Ebony veneers on oak with profuse gilt-brass mounts, inverted-bell top surmounted by an equestrian figure on a panelled pedestal now fronted by a reversed-C cypher, flanked by volutes; gadrooned flambeau urn finials, floral swags and a central cartouche with the Medici arms (for Cosimo III de Medici, Grand Duke of Tuscany), surmounted by a coronet. Elaborate cast foliate sound frets to the sides with acanthus dragon handles, Doric ebony columns and bellflower escutcheons, the base with elaborate satyr mask and hooded masks to the front and sides, fitted with a drawer, the case supported on gilt-brass scrolling foot with swags of flowers and central Bacchus mask.
7¾ by 8¾ inch dial signed Thomas Tompion LONDINI Fecit in a palm frond cartouche flanked by silvered subsidiary dials, the left for pendulum regulation, the right engraved S6/N6 N1/S1, double-screwed Minerva mask-and-foliage spandrels, mock pendulum to matted centre, blued-steel hands.
Triple fusee movement with 7¾ by 9¼ inch plates and seven latched baluster pillars, pendulum suspended from brass regulation bar, quarters able to strike on one or six bells, hours on a further bell. Trip quarter repeat via blued-steel interconnecting levers on the backplate which is signed Thomas Tompion LONDINI Fecit within a palm frond cartouche within profuse foliate engraving (G.155), punch-numbered 278 at the base.
Presented c.1700 with an unspecified number of other clocks and watches by William III of England and Holland to his cousin Cosimo III de’ Medici, Grand Duke of Tuscany.
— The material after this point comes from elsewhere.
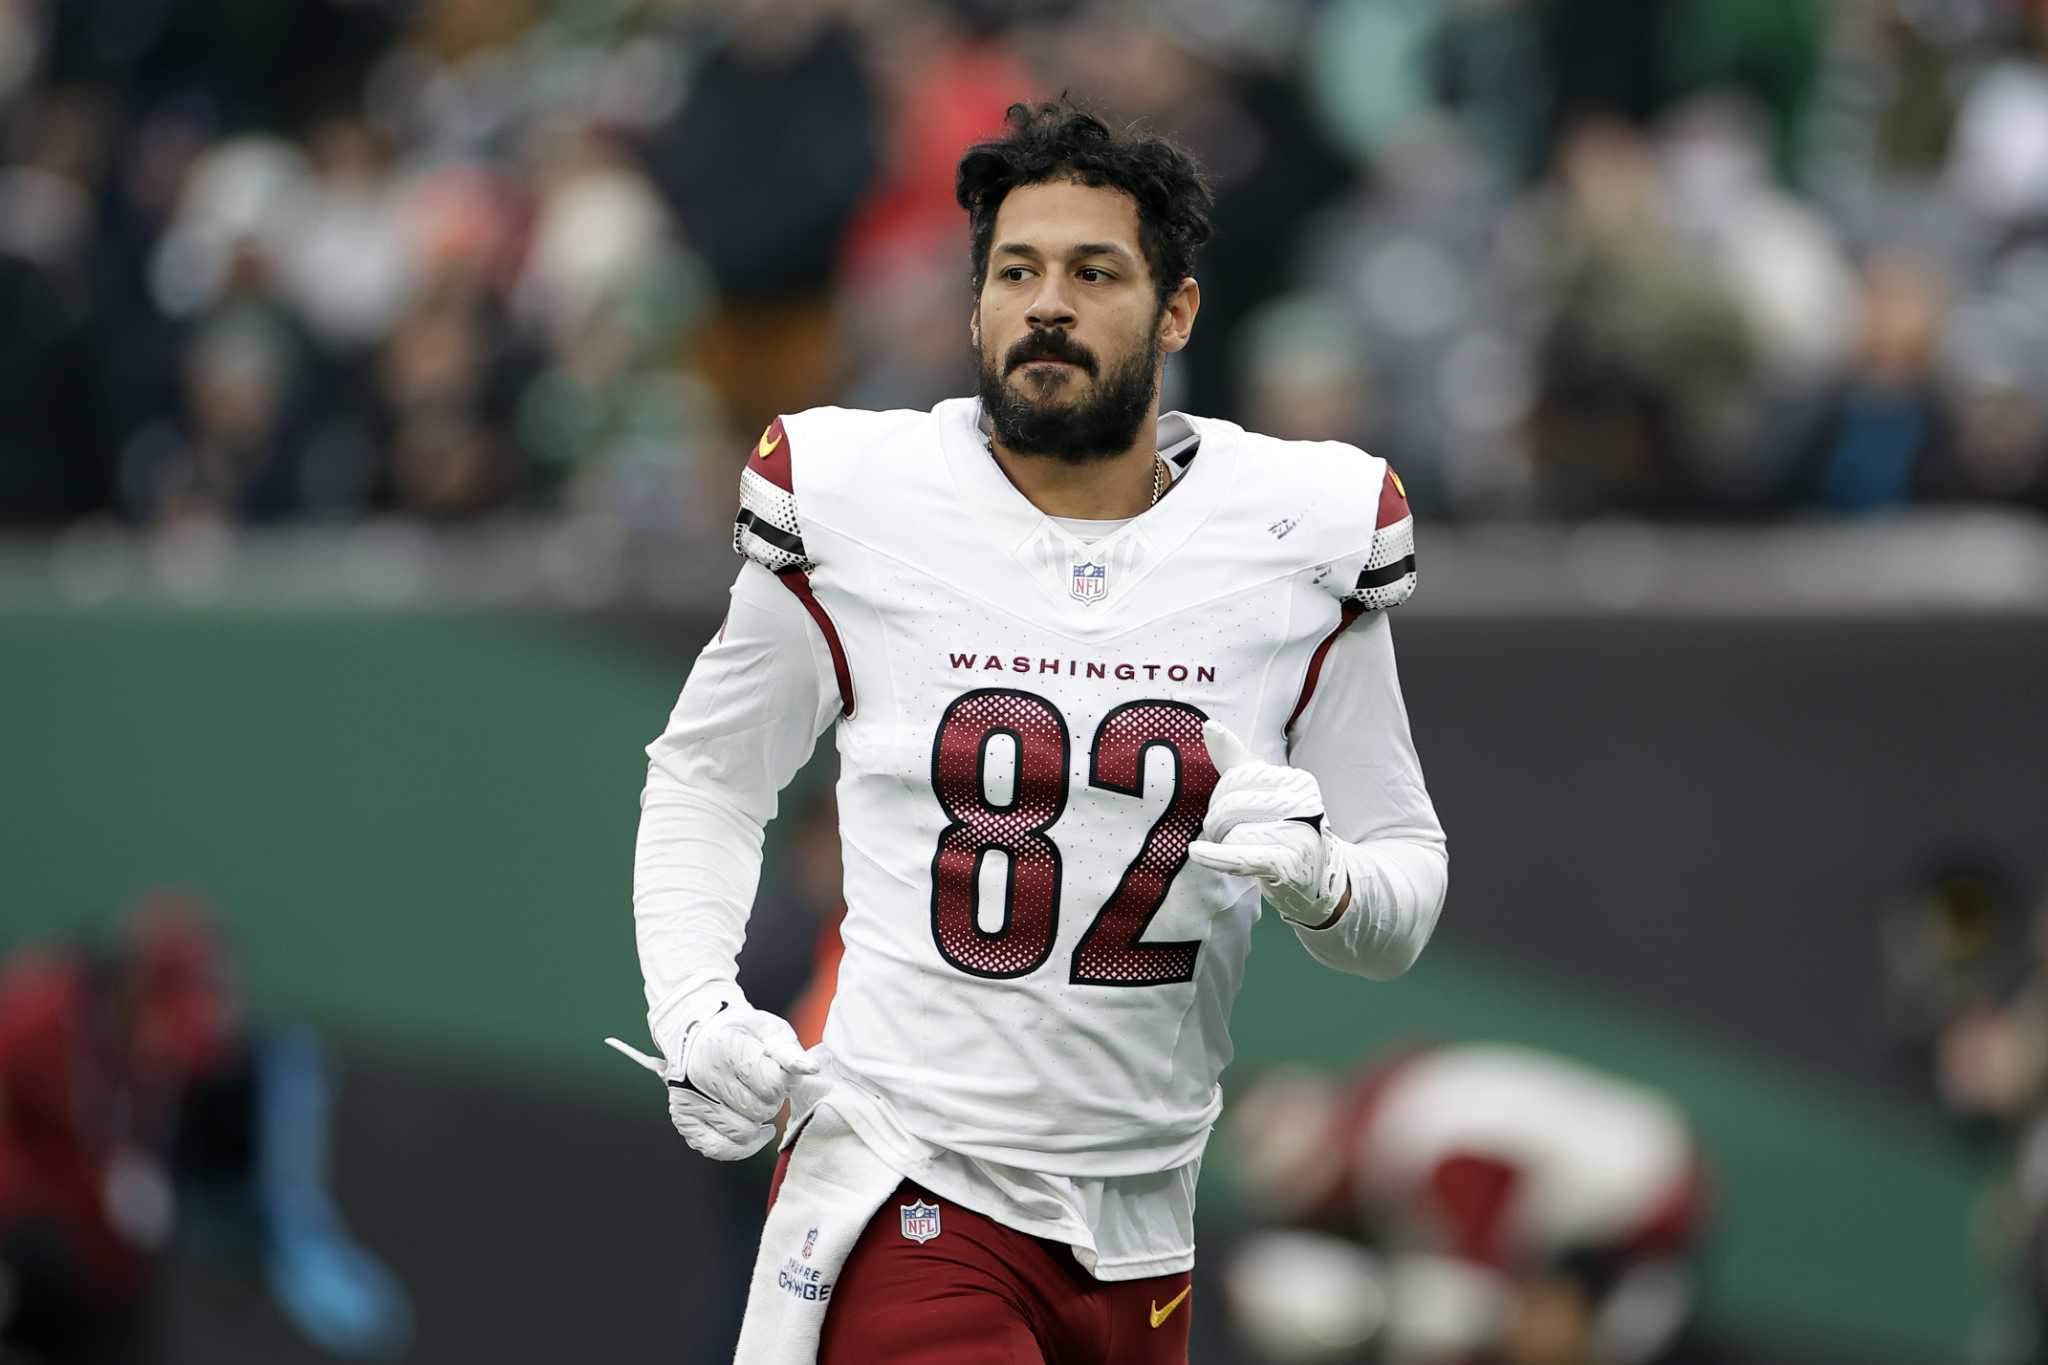 49ers agree to a deal with free agent tight end Logan Thomas, AP source says

Rediscovered 1985 and sold Christie’s, London, 26 Nov, 1985 lot 131
Private collection, Germany.
R Garnier, ‘Striking Royal Connections’, Country Life, 6 Dec 1990. p.128.
Evans, Carter & Wright, Thomas Tompion 300 Years, p.392-395.
Garnier & Carter, The Golden Age of English Horology, 2015, p.80-85.
The Medici Tompion, No. 278 circa 1696
A highly important ebony and gilt-brass three-train full grande sonnerie striking table clock with trip repeat
The bill for this clock was outstanding on the king’s death in 1702 and Tompion was obliged to petition William’s successor, Queen Anne, on 19 May 1703 praying payment of £564: 15s: due to him for Clocks & Watches &c presented by his late Ma.ty to the Duke of Florence, to which the queen’s minuted response was Her Ma.ty has no occasion for his clocks & Watches [London, Kew, National Archives, ten, T29/14, p.92].